**MATERIAL FOR THE TASK**
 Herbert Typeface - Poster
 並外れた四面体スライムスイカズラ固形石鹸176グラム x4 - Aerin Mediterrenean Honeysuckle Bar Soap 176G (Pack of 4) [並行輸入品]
==
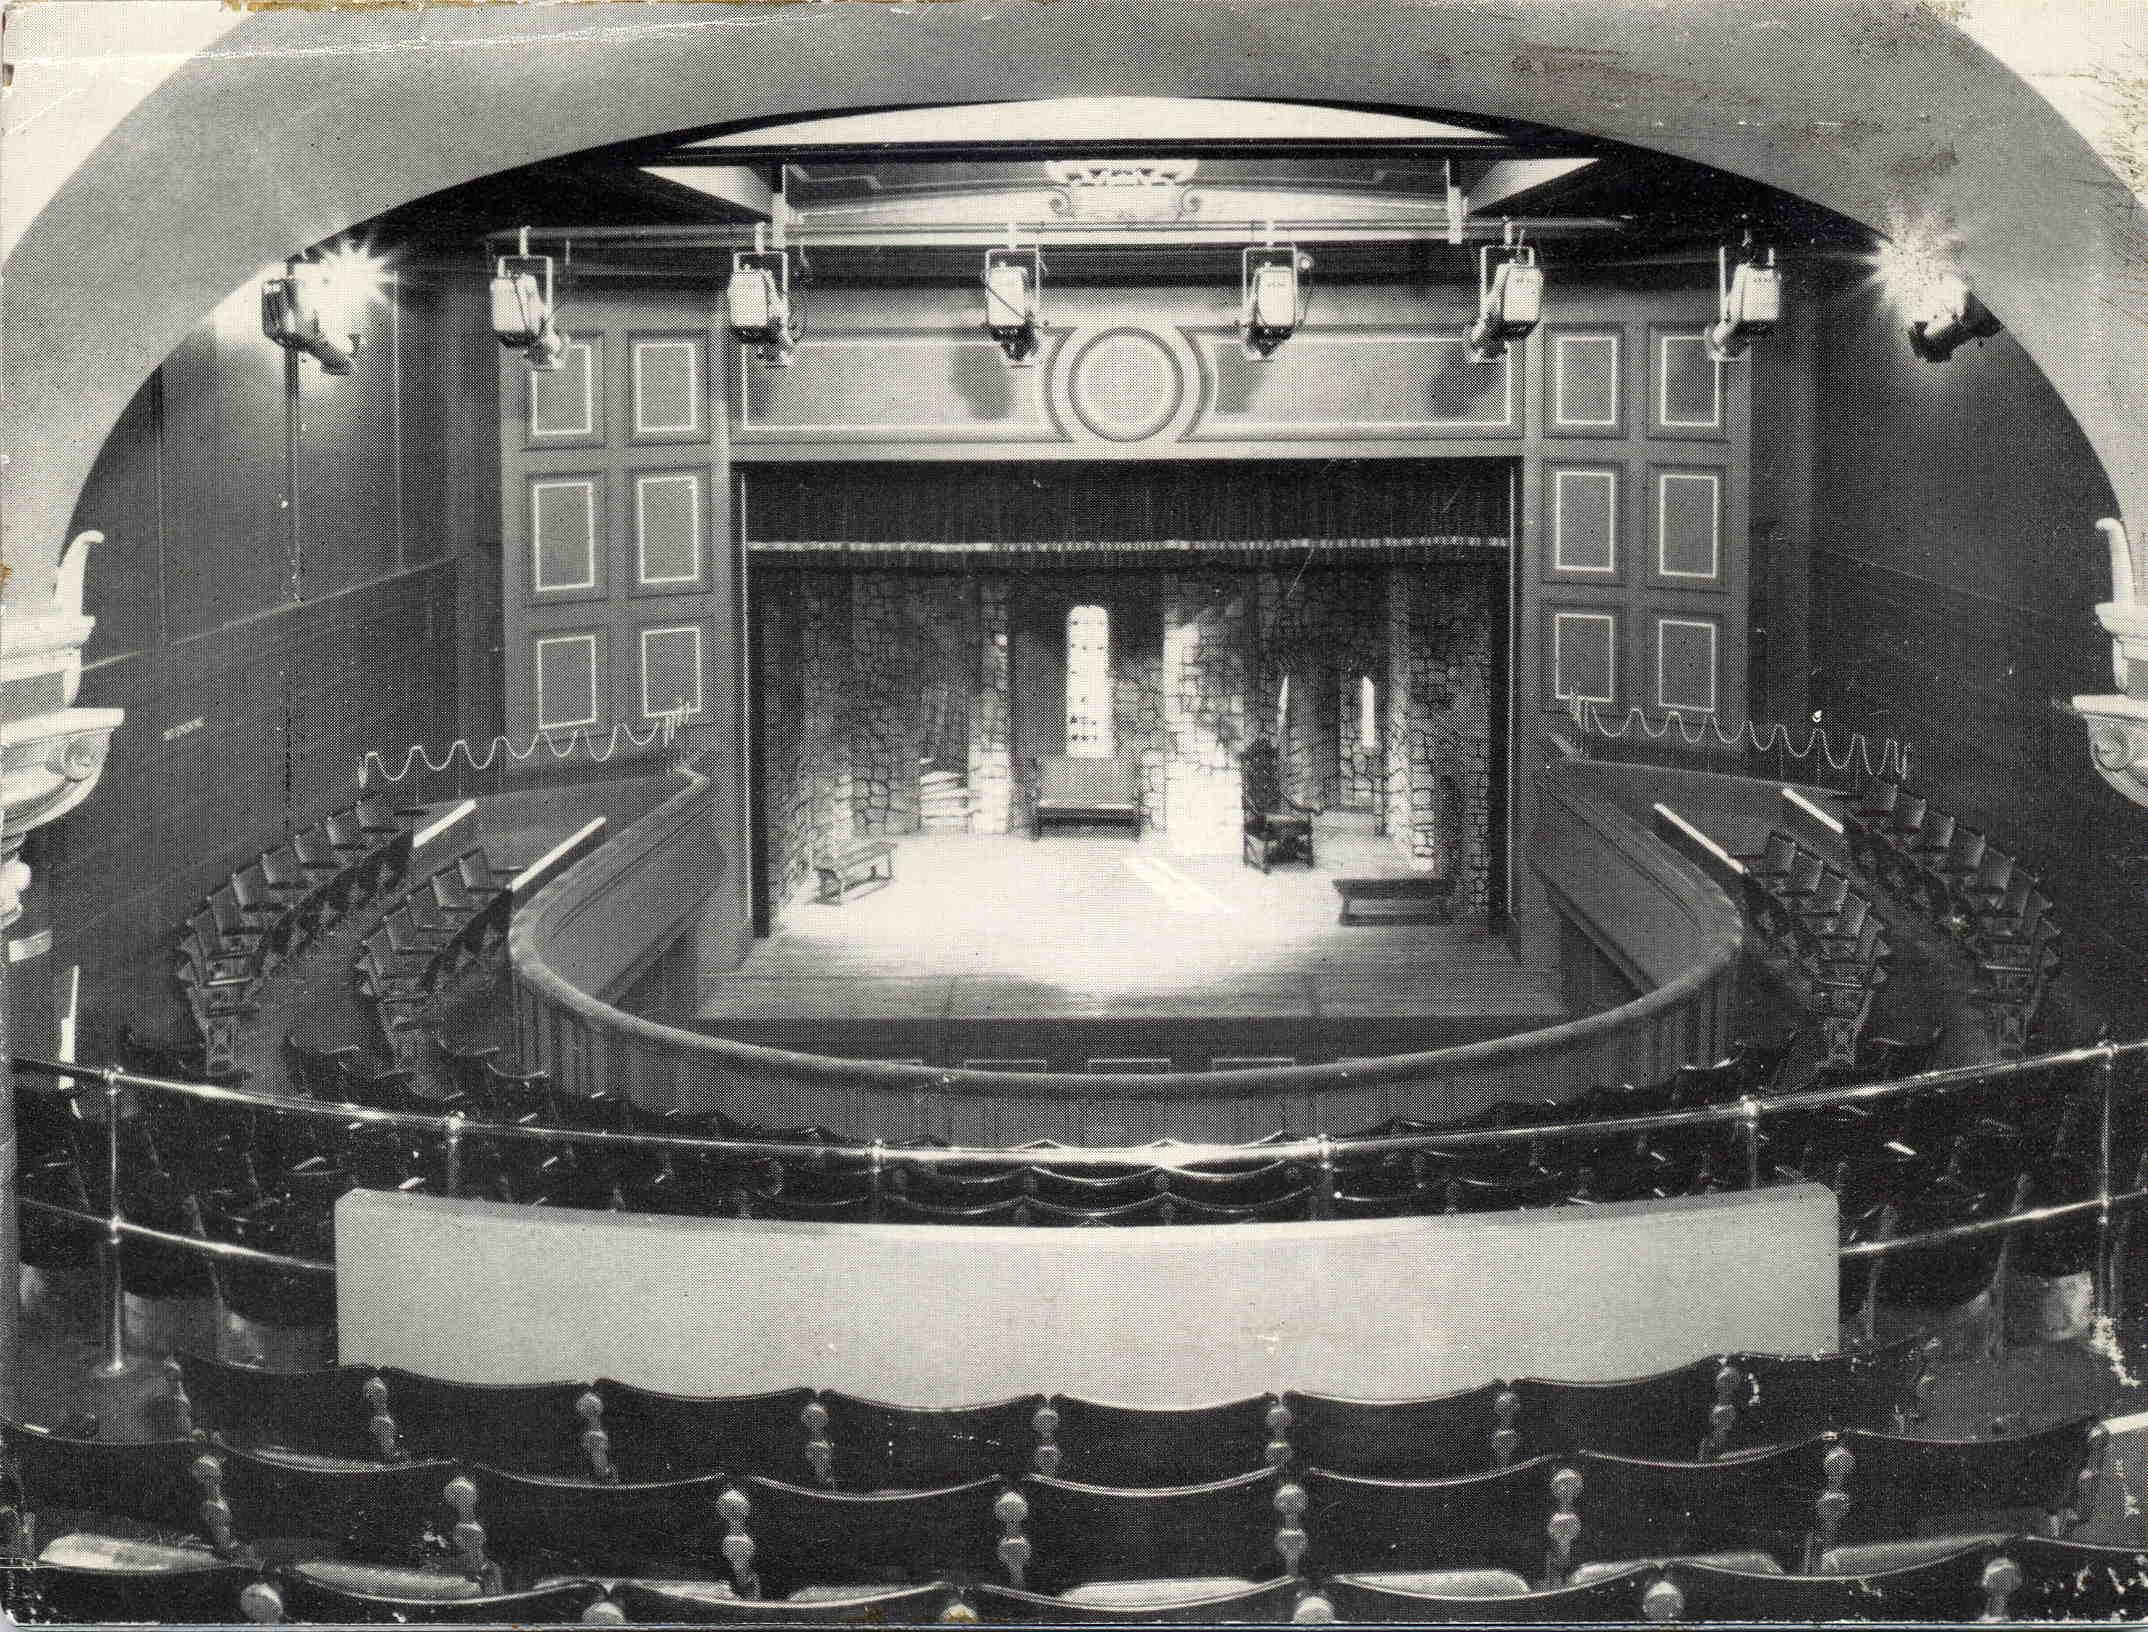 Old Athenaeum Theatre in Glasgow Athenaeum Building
...
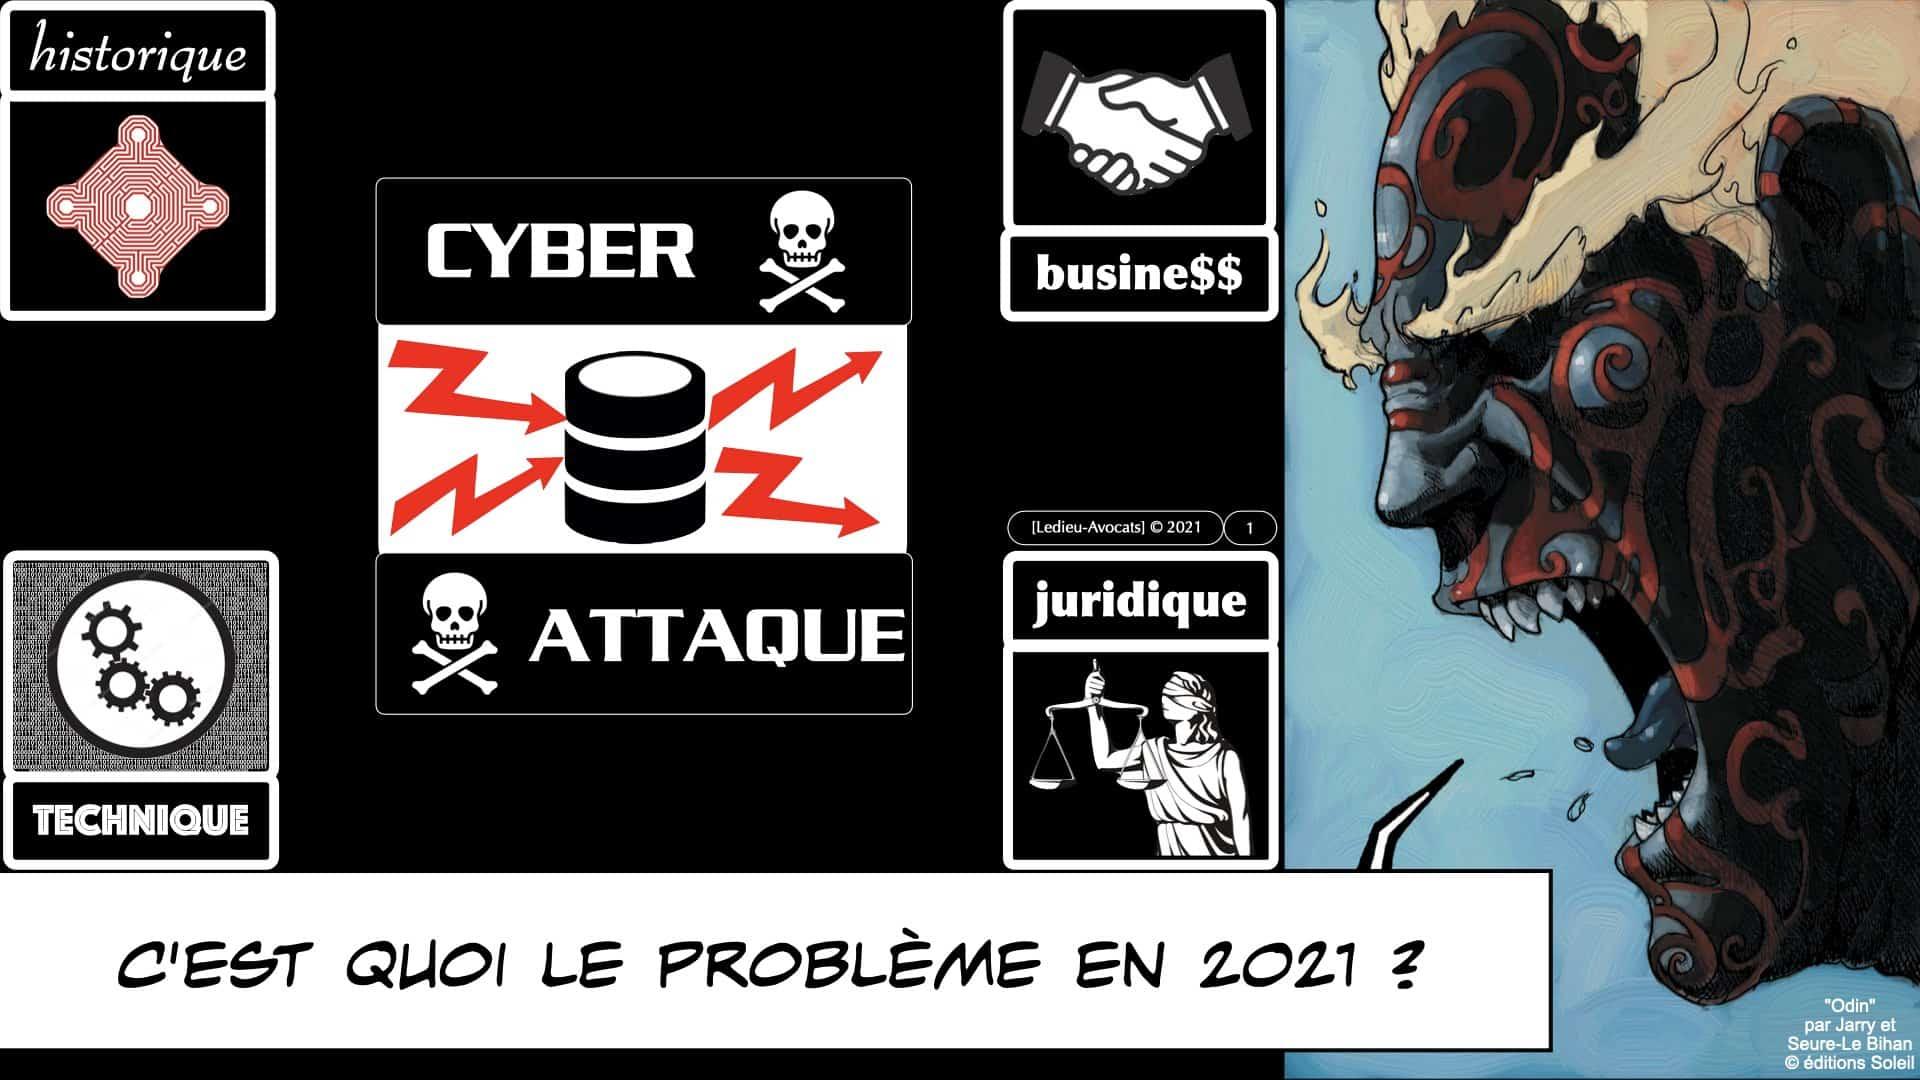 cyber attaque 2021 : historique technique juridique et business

**WORK INSTRUCTION**
Only one part of the material above is to be transcribed, namely the lines starting with the line that has "Herbert Typeface - Poster" and going on through the line that has "並外れた四面体スライムスイカズラ固形石鹸176グラム x4 - Aerin", exactly as they stand.

**TASK RESULT**
 Herbert Typeface - Poster
 並外れた四面体スライムスイカズラ固形石鹸176グラム x4 - Aerin Mediterrenean Honeysuckle Bar Soap 176G (Pack of 4) [並行輸入品]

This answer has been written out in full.